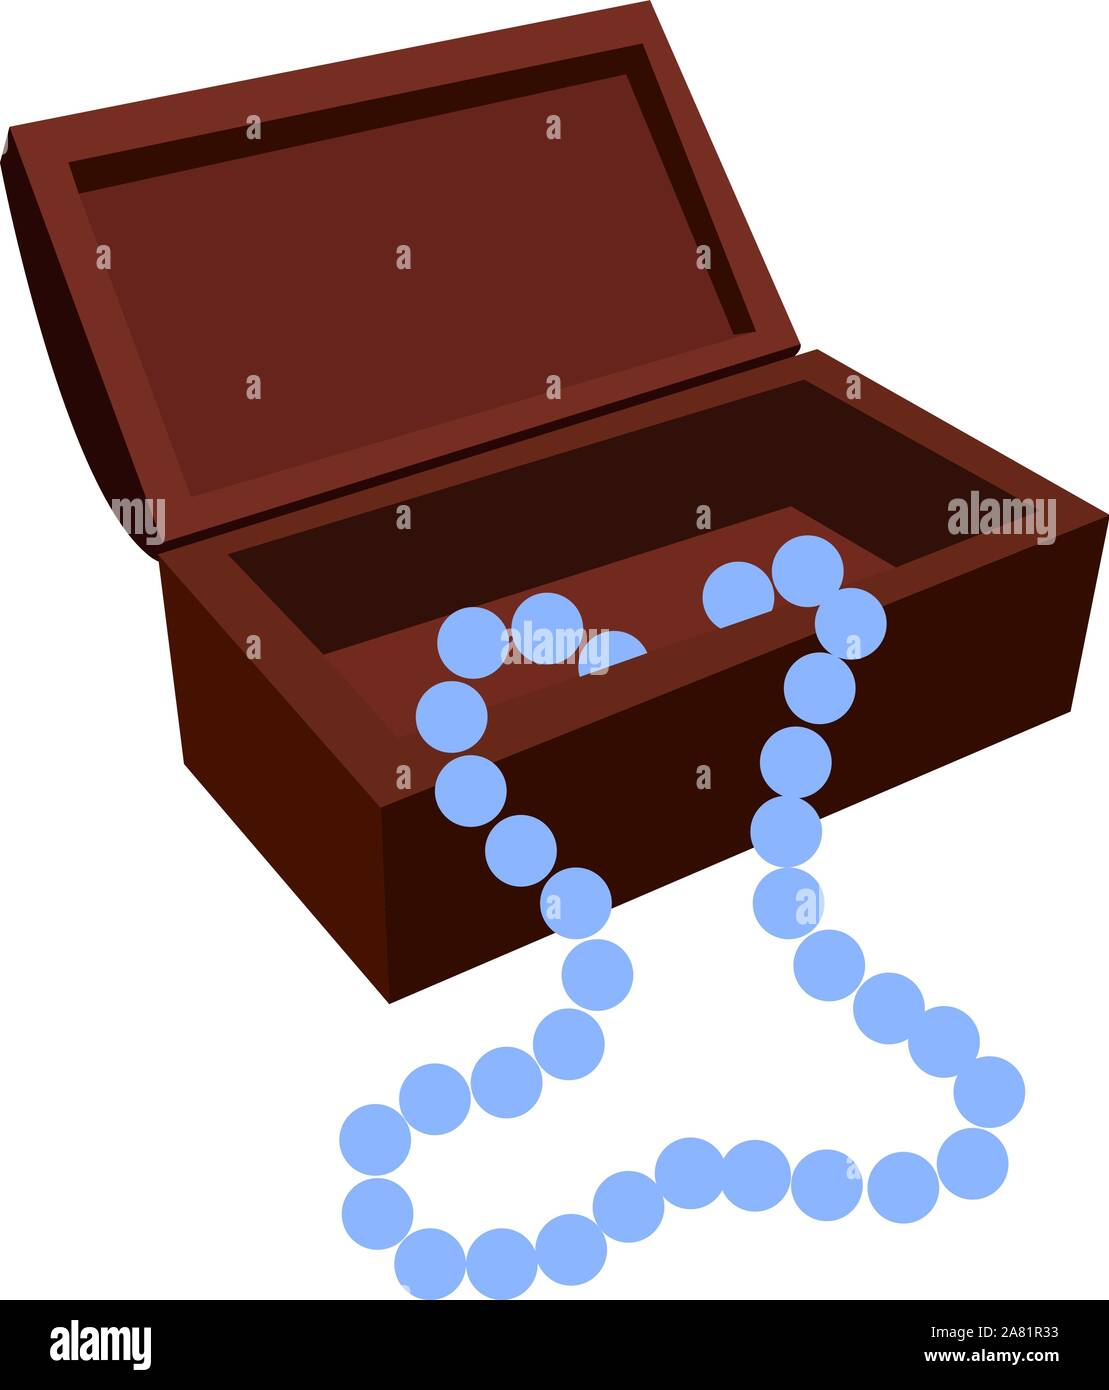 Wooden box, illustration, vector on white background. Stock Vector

———

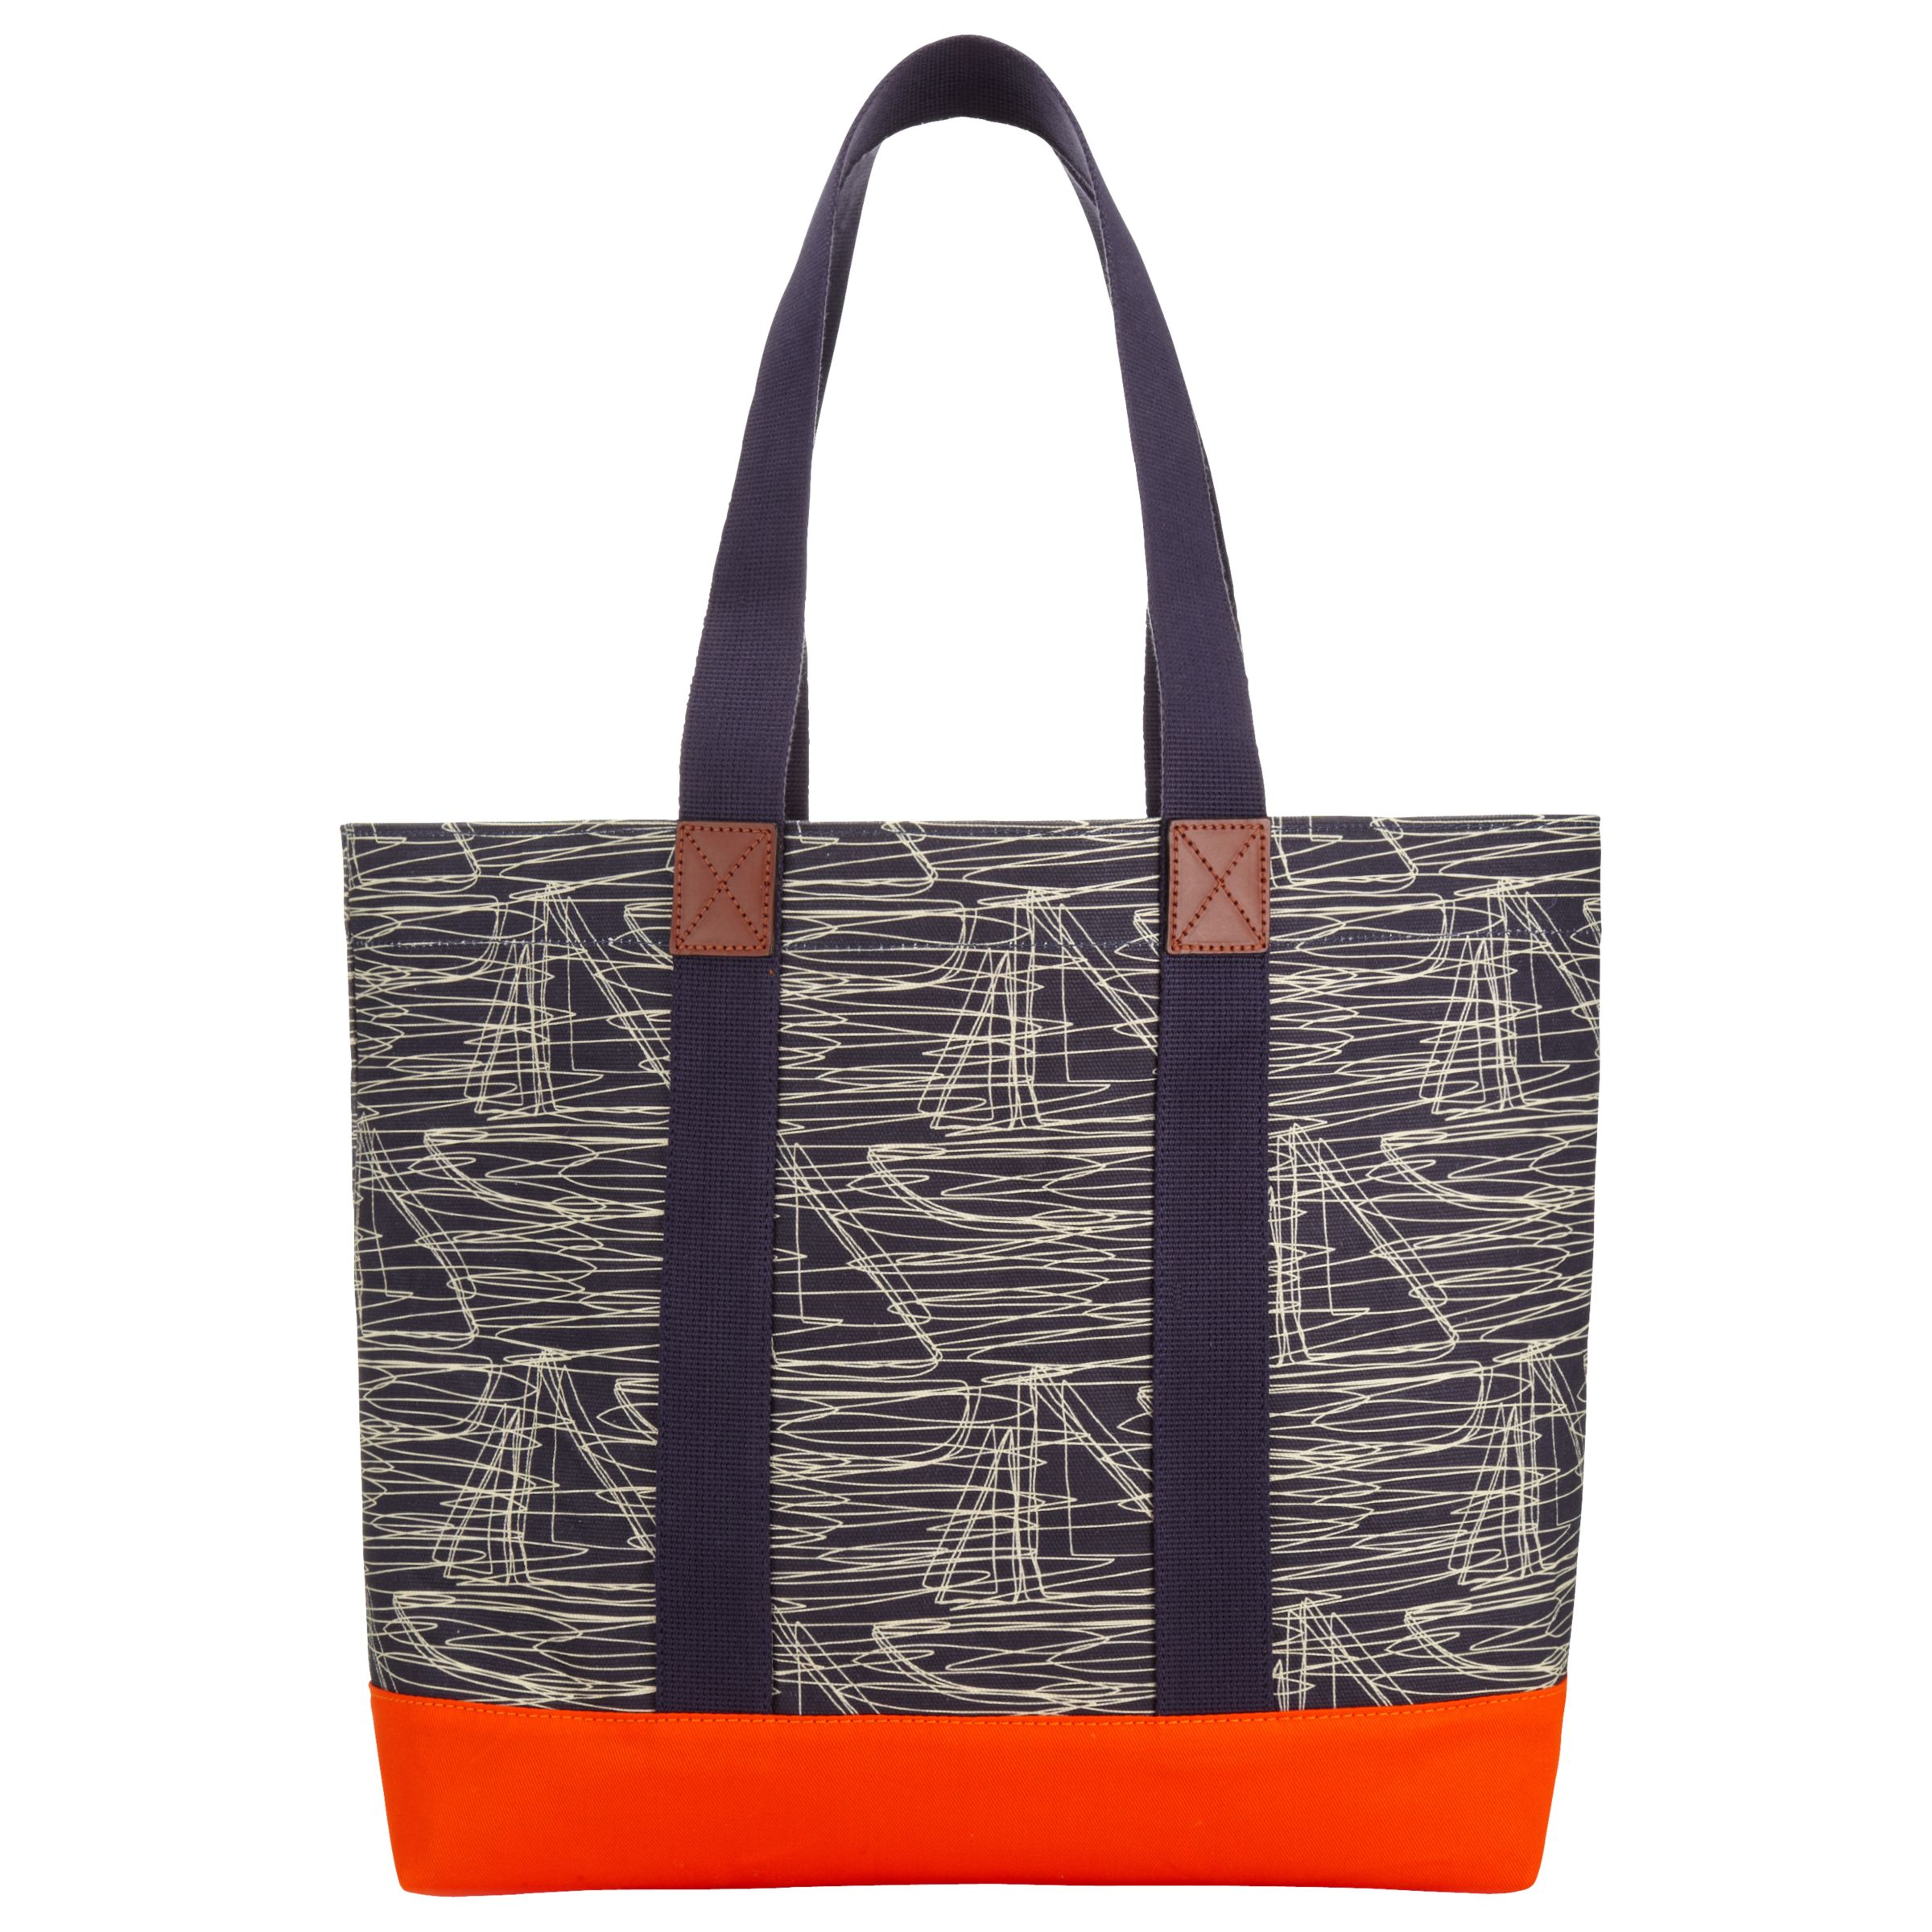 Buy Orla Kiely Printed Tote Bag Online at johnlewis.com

———

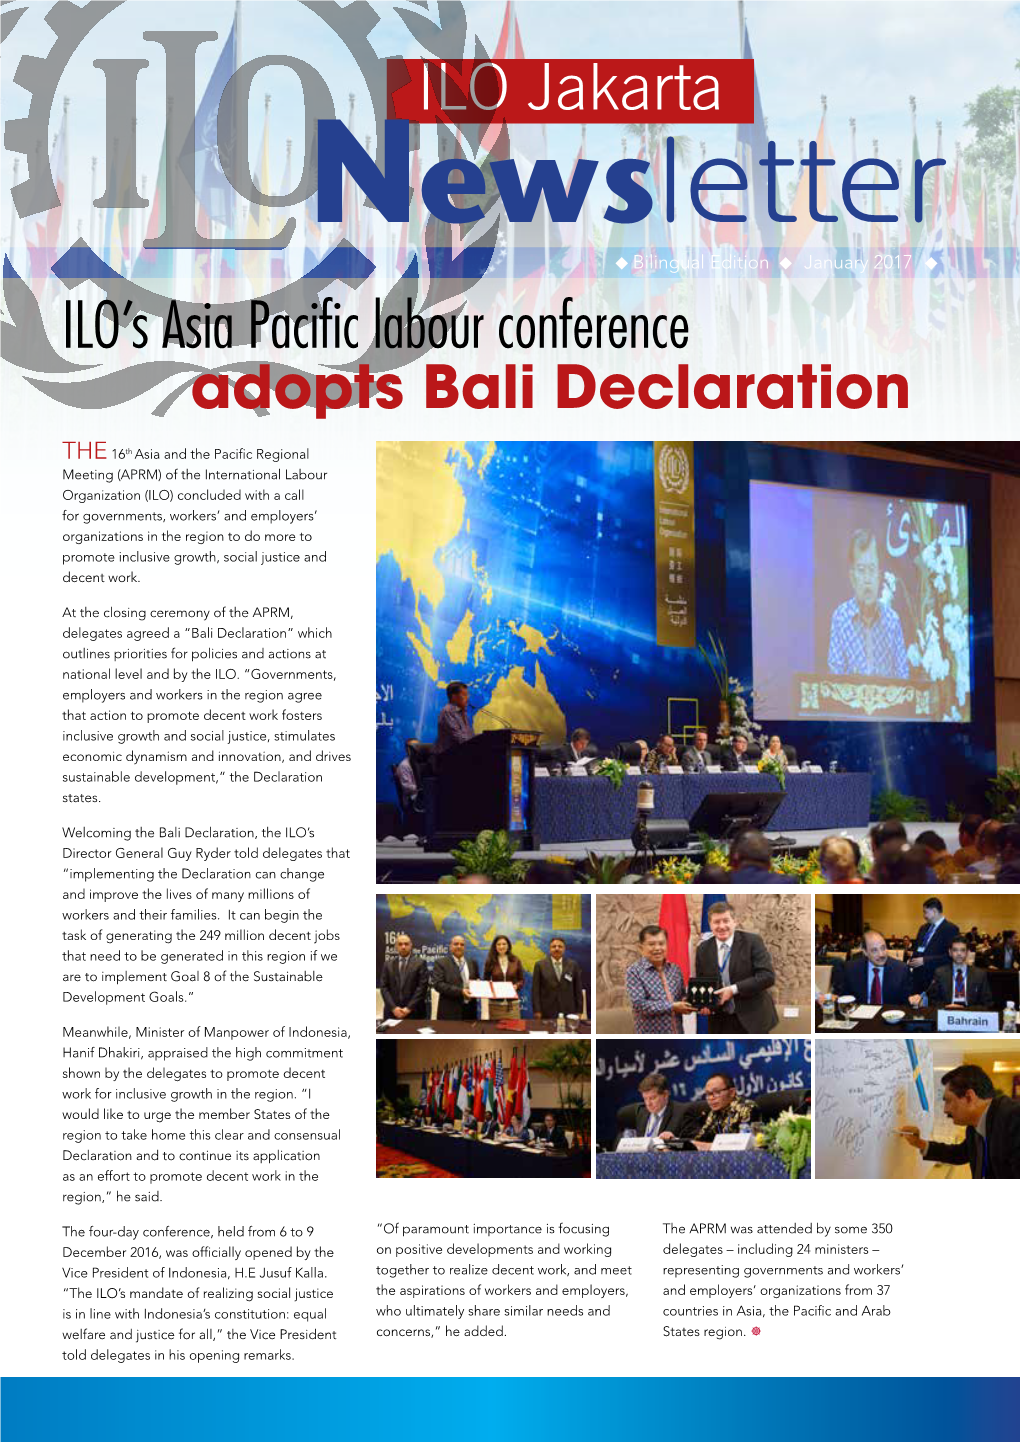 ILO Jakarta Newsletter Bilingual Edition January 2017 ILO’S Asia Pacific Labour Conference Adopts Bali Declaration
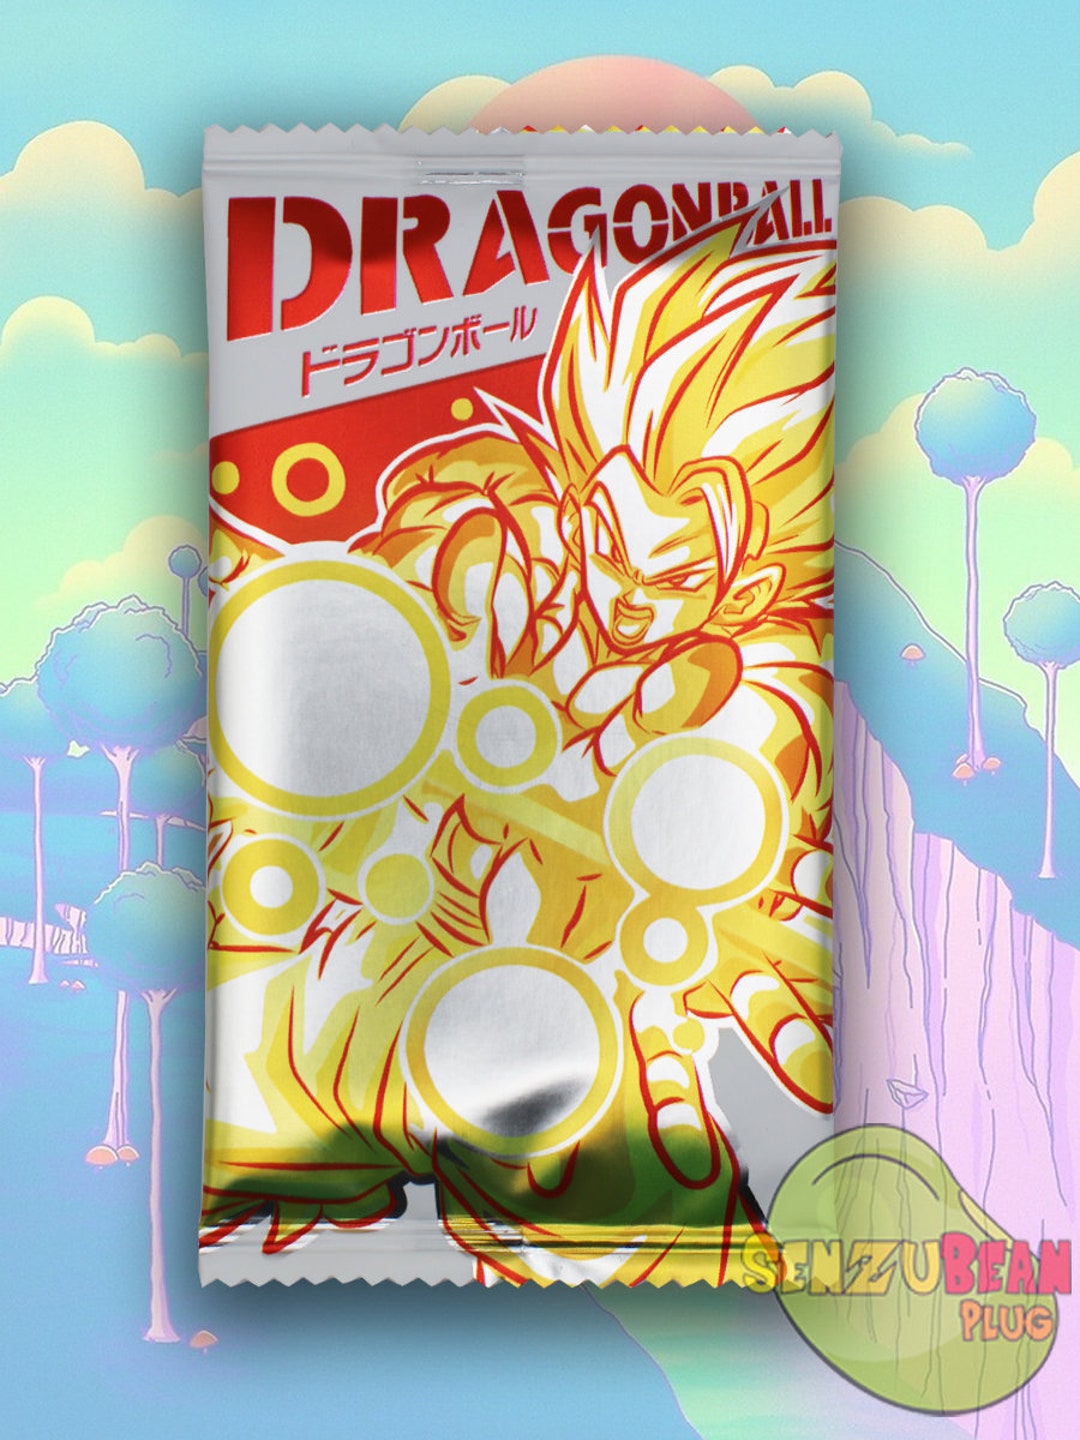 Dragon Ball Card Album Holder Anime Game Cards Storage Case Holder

———

Above are records with pictures. Reproduce exactly only the lines from the line with "ILO Jakarta Newsletter" through the line with "Dragon Ball Card", both ends included, and leave the pictures out.

 ILO Jakarta Newsletter Bilingual Edition January 2017 ILO’S Asia Pacific Labour Conference Adopts Bali Declaration
 Dragon Ball Card Album Holder Anime Game Cards Storage Case Holder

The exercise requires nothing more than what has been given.